| Top News: Chilean President José Antonio Kast on Tuesday carried out the first cabinet reshuffle of his administration and removed from their posts the Security Minister, Trinidad Steinert, and the Government Spokesperson, Mara Sedini, in a reorganization that amounts to the fastest ministerial adjustment in Chile since the return to democracy in 1990. The decision comes just over two months after the inauguration of the far-right president, against a backdrop of falling presidential approval to around 40% and an increase in public disapproval to 60%.
Negotiators from the European Parliament, the Council of the European Union, and the European Commission reached a provisional agreement in the early hours of Wednesday on the final text of the tariff pact with the United States, in a decision that closes ten months of negotiations marked by pressures, threats, and successive blockages in the European Parliament. The Cypriot presidency of the Council, exercised during the first half of 2026, confirmed the breakthrough through the X social media platform and emphasized that the aim of the agreement is to "enhance a stable and predictable trade relationship" between the two blocs.
The director general of the World Health Organization (WHO), Tedros Adhanom Ghebreyesus, warned on Tuesday before the World Health Assembly meeting in Geneva that "the magnitude and speed" with which the Ebola outbreak is spreading in the Democratic Republic of the Congo (DRC) are alarming, with more than 543 suspected cases, 131 deaths linked to transmission, and 33 laboratory-confirmed infections. Two further cases have been confirmed in neighboring Uganda, both involving Congolese citizens who had crossed the border, one of whom has died.

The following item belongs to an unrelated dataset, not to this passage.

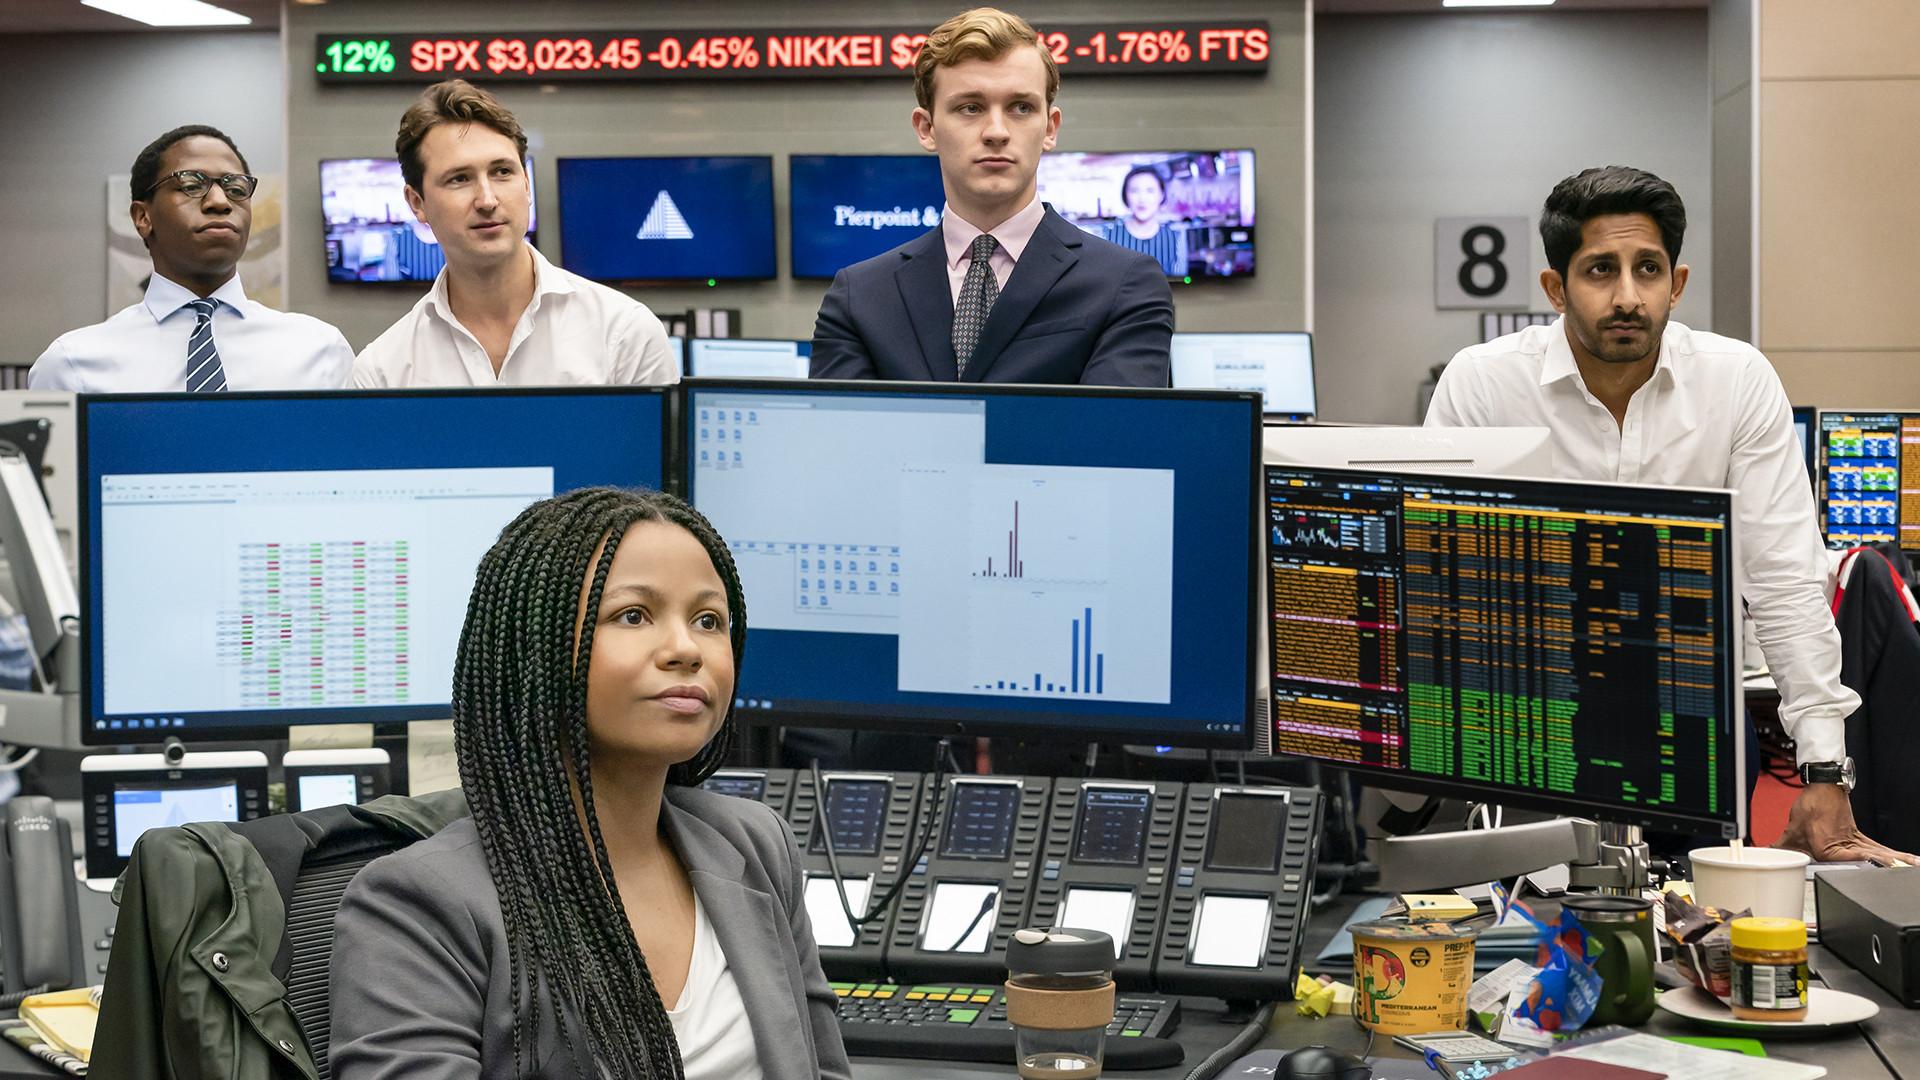 HBO/Bad Wolf: Industry Season I

The WHO director convened the organization's Emergency Committee to formulate containment recommendations.
May is a month of commemoration for the population of the Falkland Islands, as the 44th anniversary of the Argentine armed invasion falls this month — an occupation that was defeated and expelled following the landing of the Task Force dispatched by London.
The center of La Paz turned on Monday into the stage of a more than three-hour pitched battle in which thousands of salaried miners and peasants clashed with police forces trying to prevent their entry to Plaza Murillo, the seat of Bolivia's executive and legislative branches. The protesters threw dynamite charges at the police, who responded with tear gas. The cordons were not overrun, and the Army, deployed around the square as the last line of defense, did not intervene directly. The mobilization is the largest challenge President Rodrigo Paz has faced since taking office six months ago.